##### INFORMATION SUPPLIED
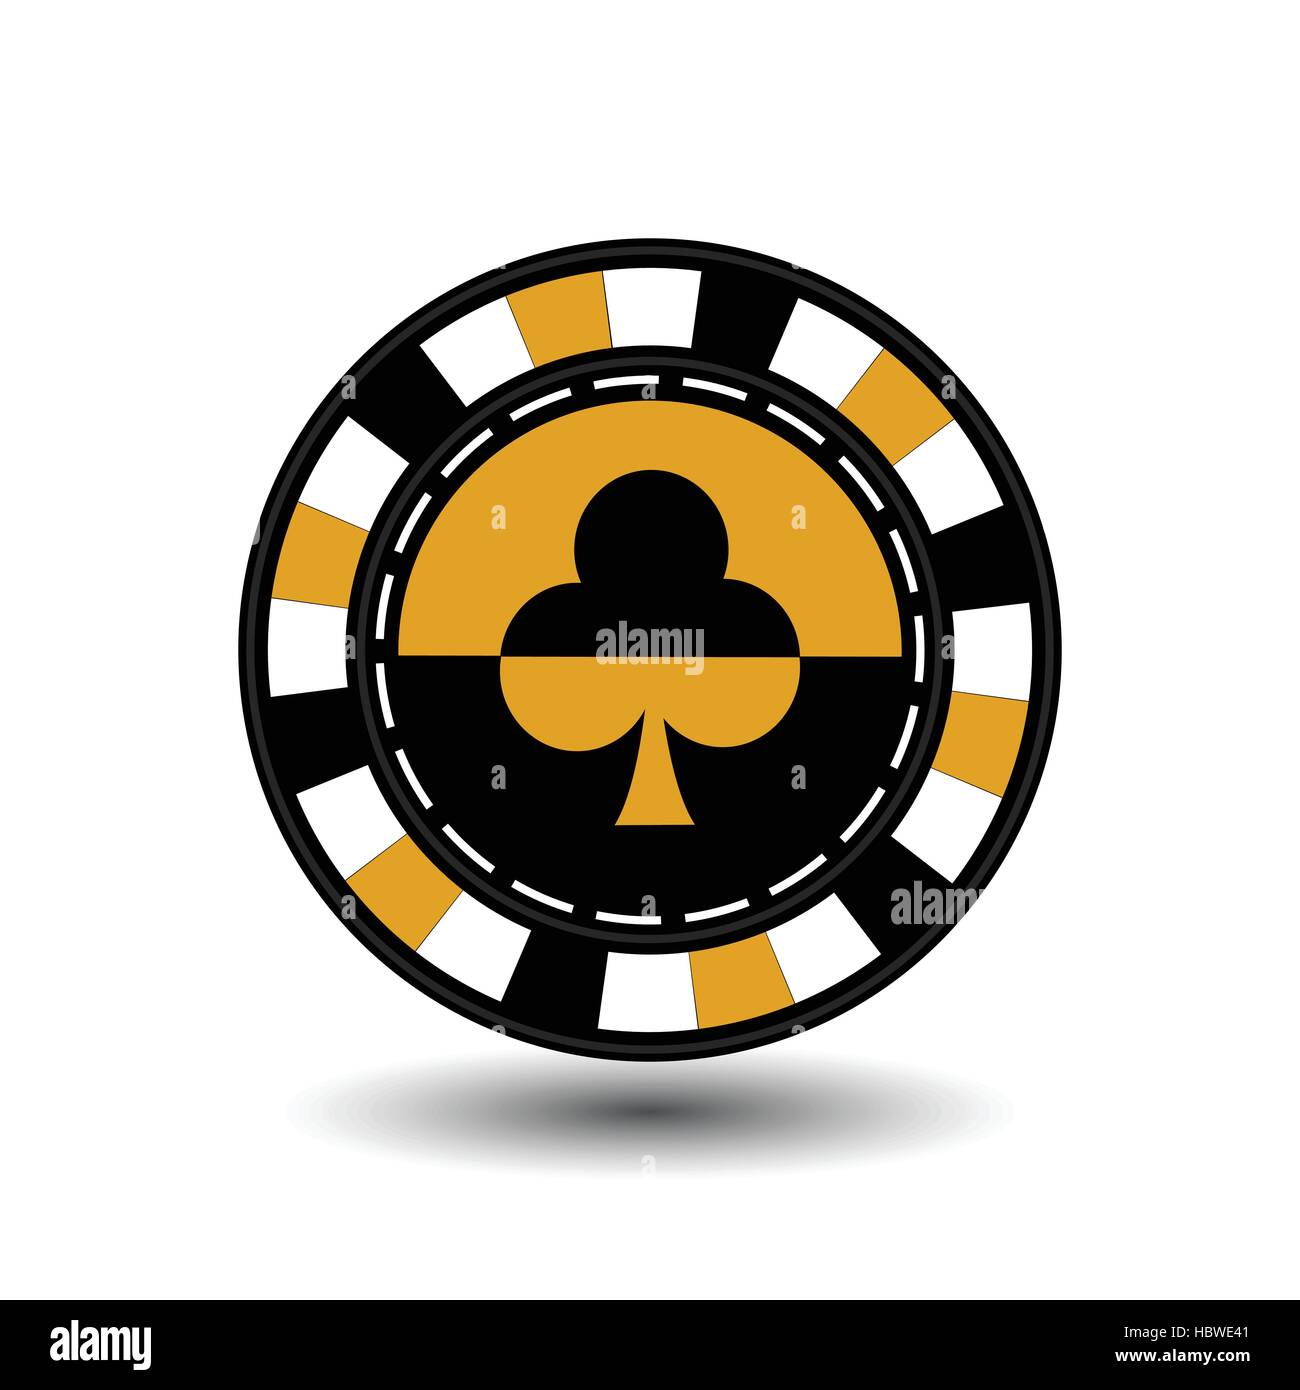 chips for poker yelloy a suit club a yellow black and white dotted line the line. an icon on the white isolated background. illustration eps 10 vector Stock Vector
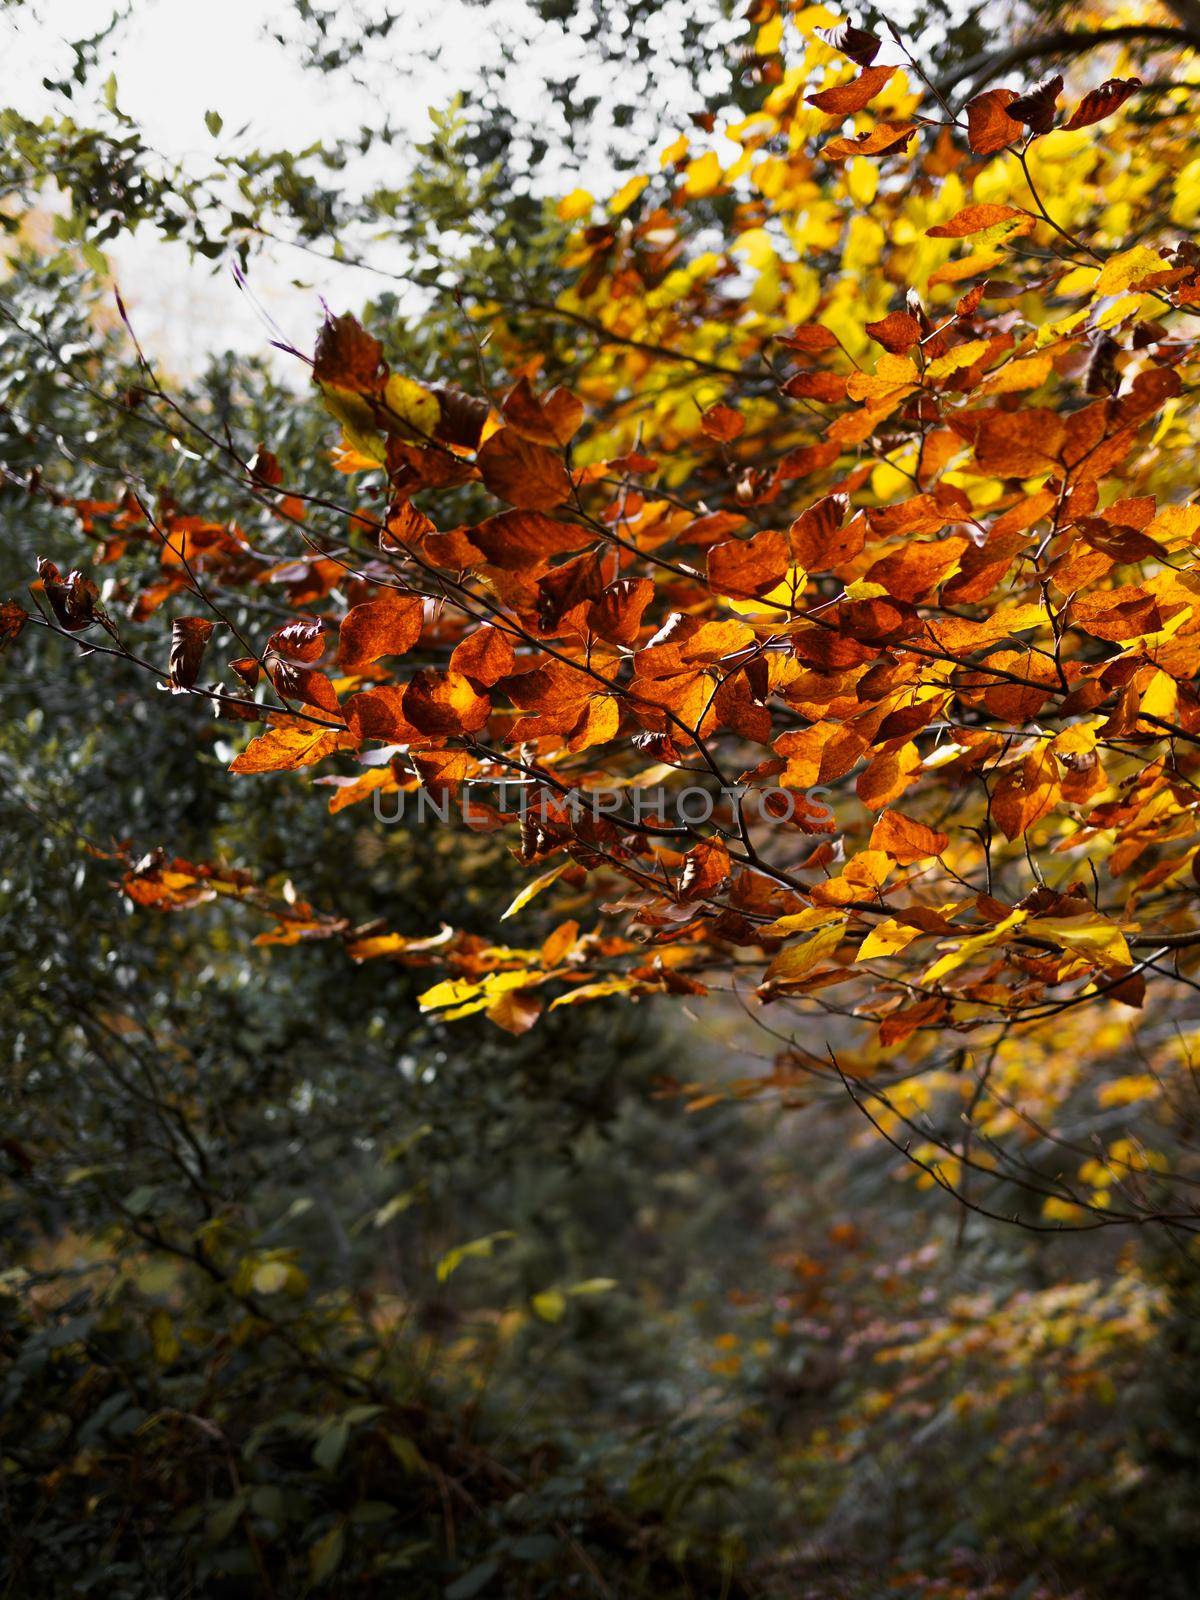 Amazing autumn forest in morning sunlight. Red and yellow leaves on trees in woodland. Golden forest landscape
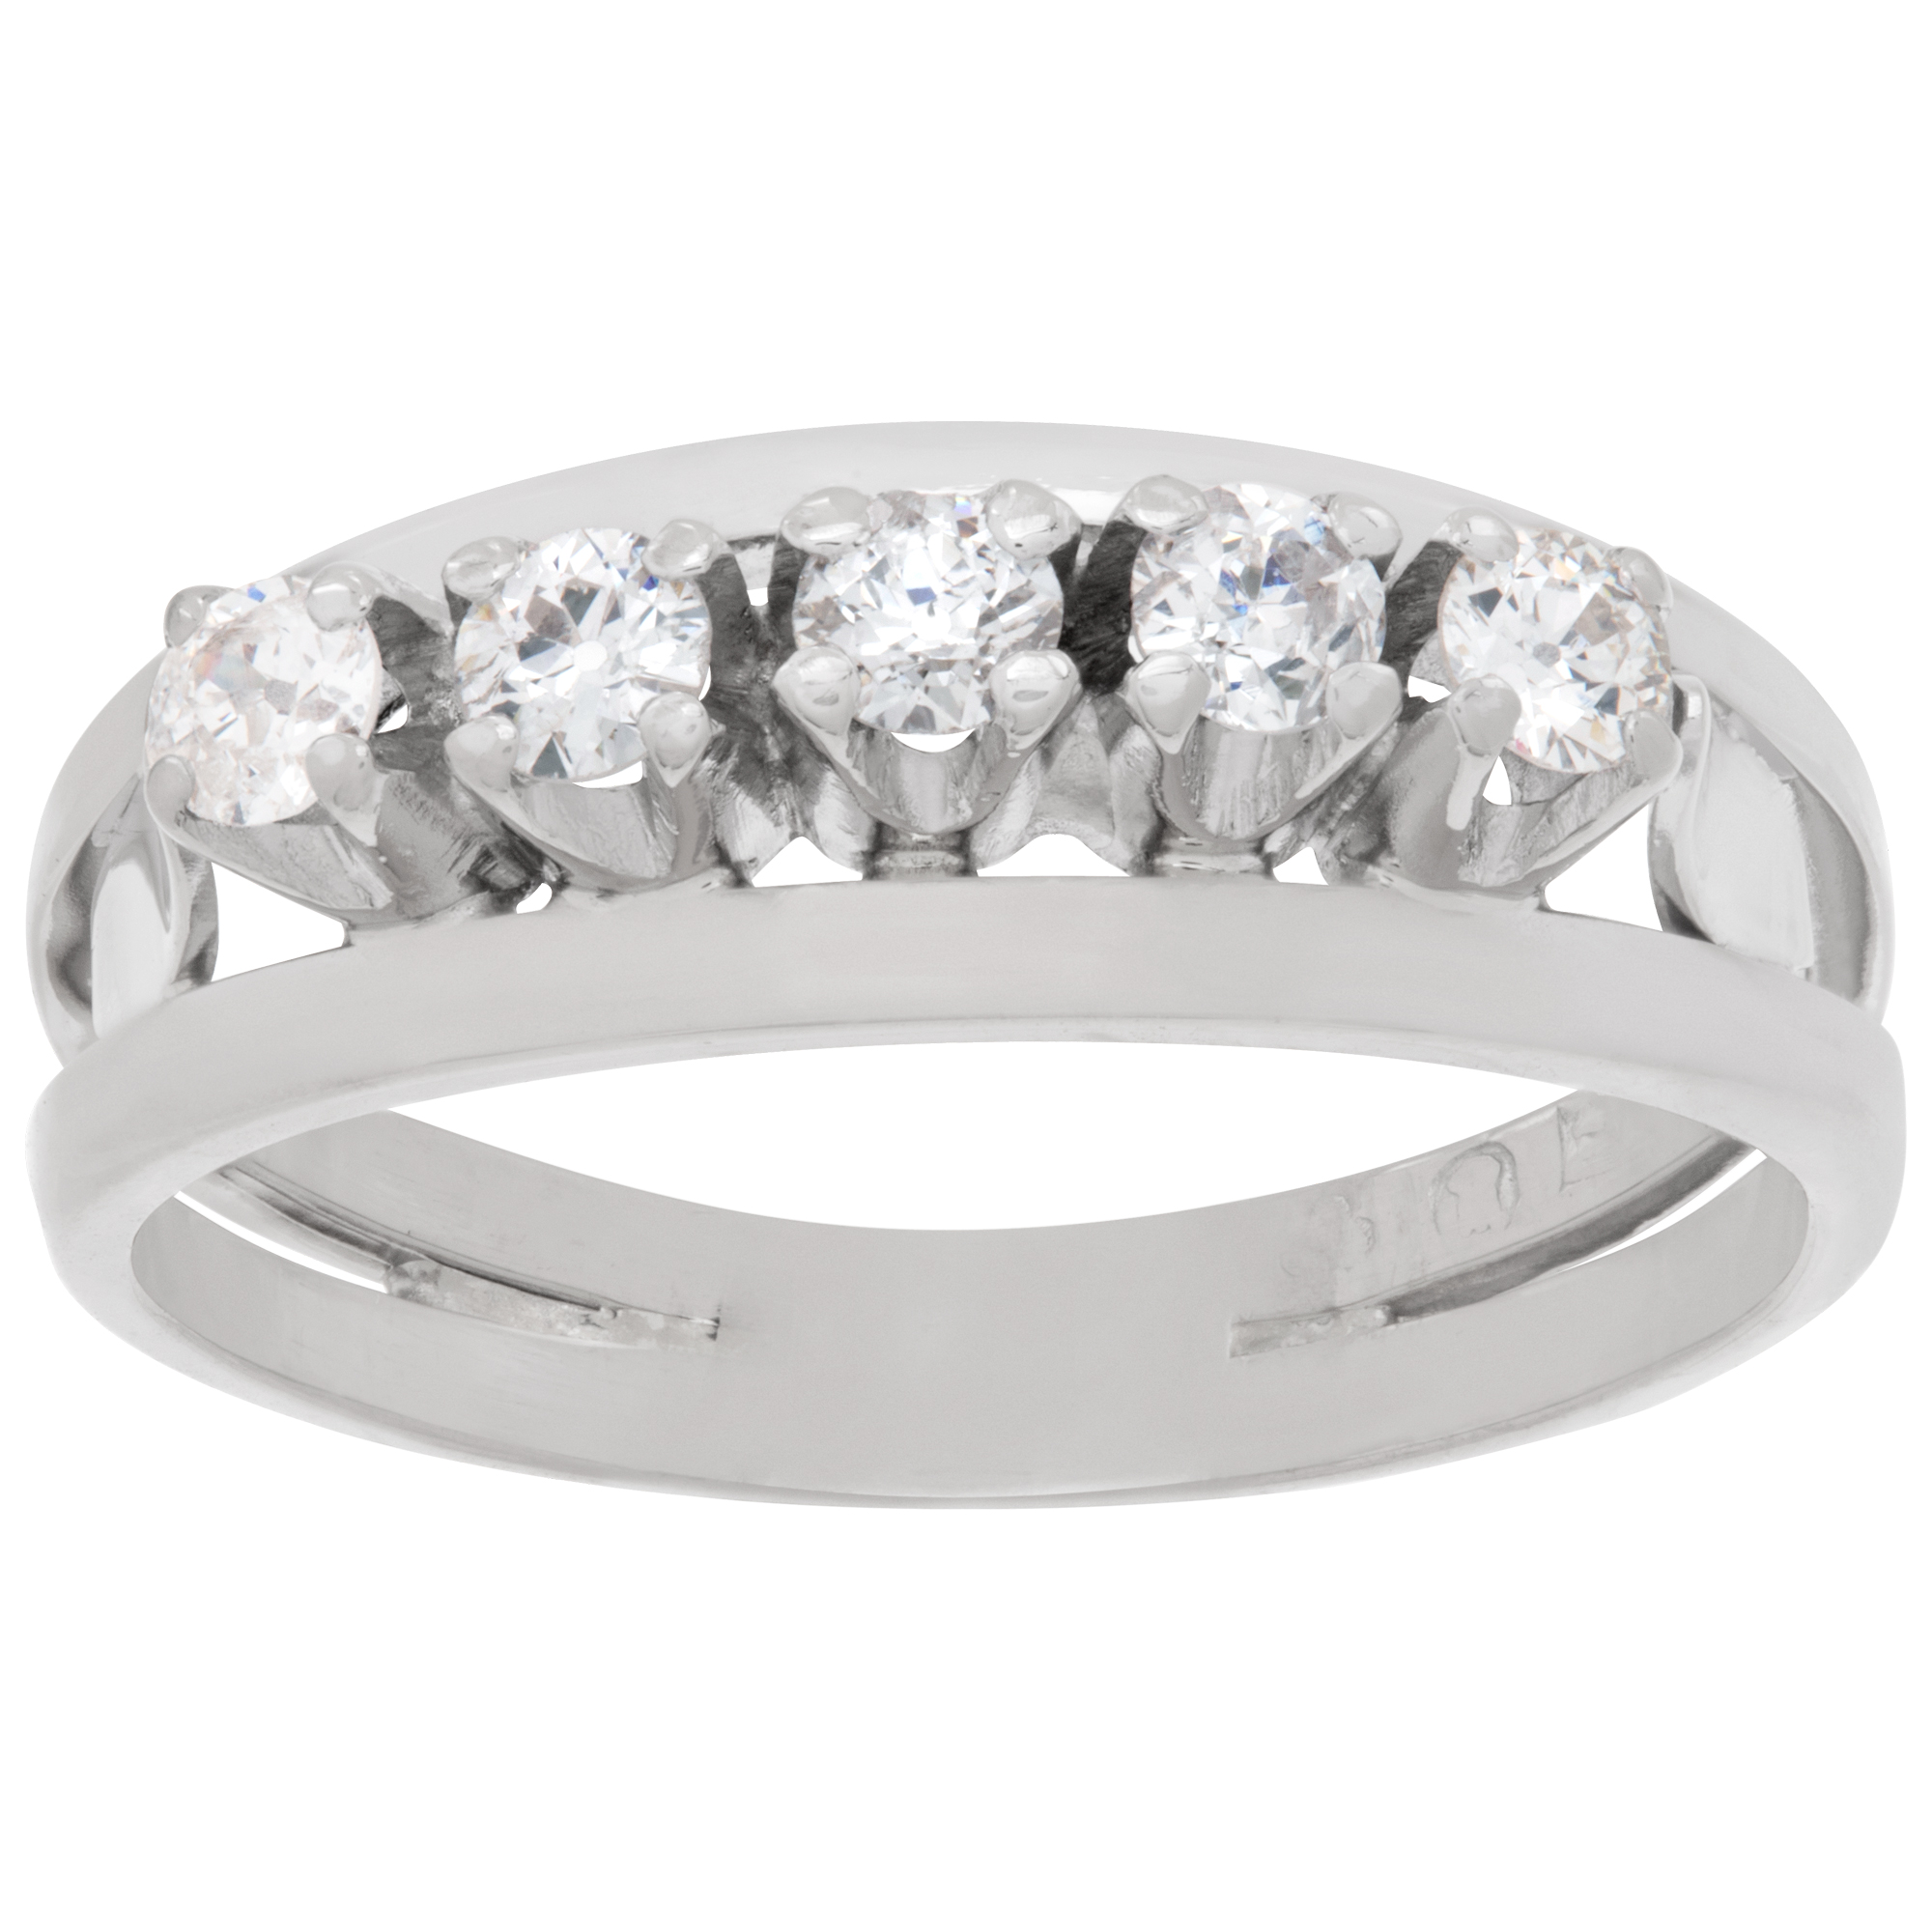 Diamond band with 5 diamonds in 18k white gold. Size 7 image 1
##########
Without any pictures, restate word for word only the lines from the one with "Amazing autumn forest" through the end of the listing.

EXERCISE RESPONSE:
 Amazing autumn forest in morning sunlight. Red and yellow leaves on trees in woodland. Golden forest landscape
 Diamond band with 5 diamonds in 18k white gold. Size 7 image 1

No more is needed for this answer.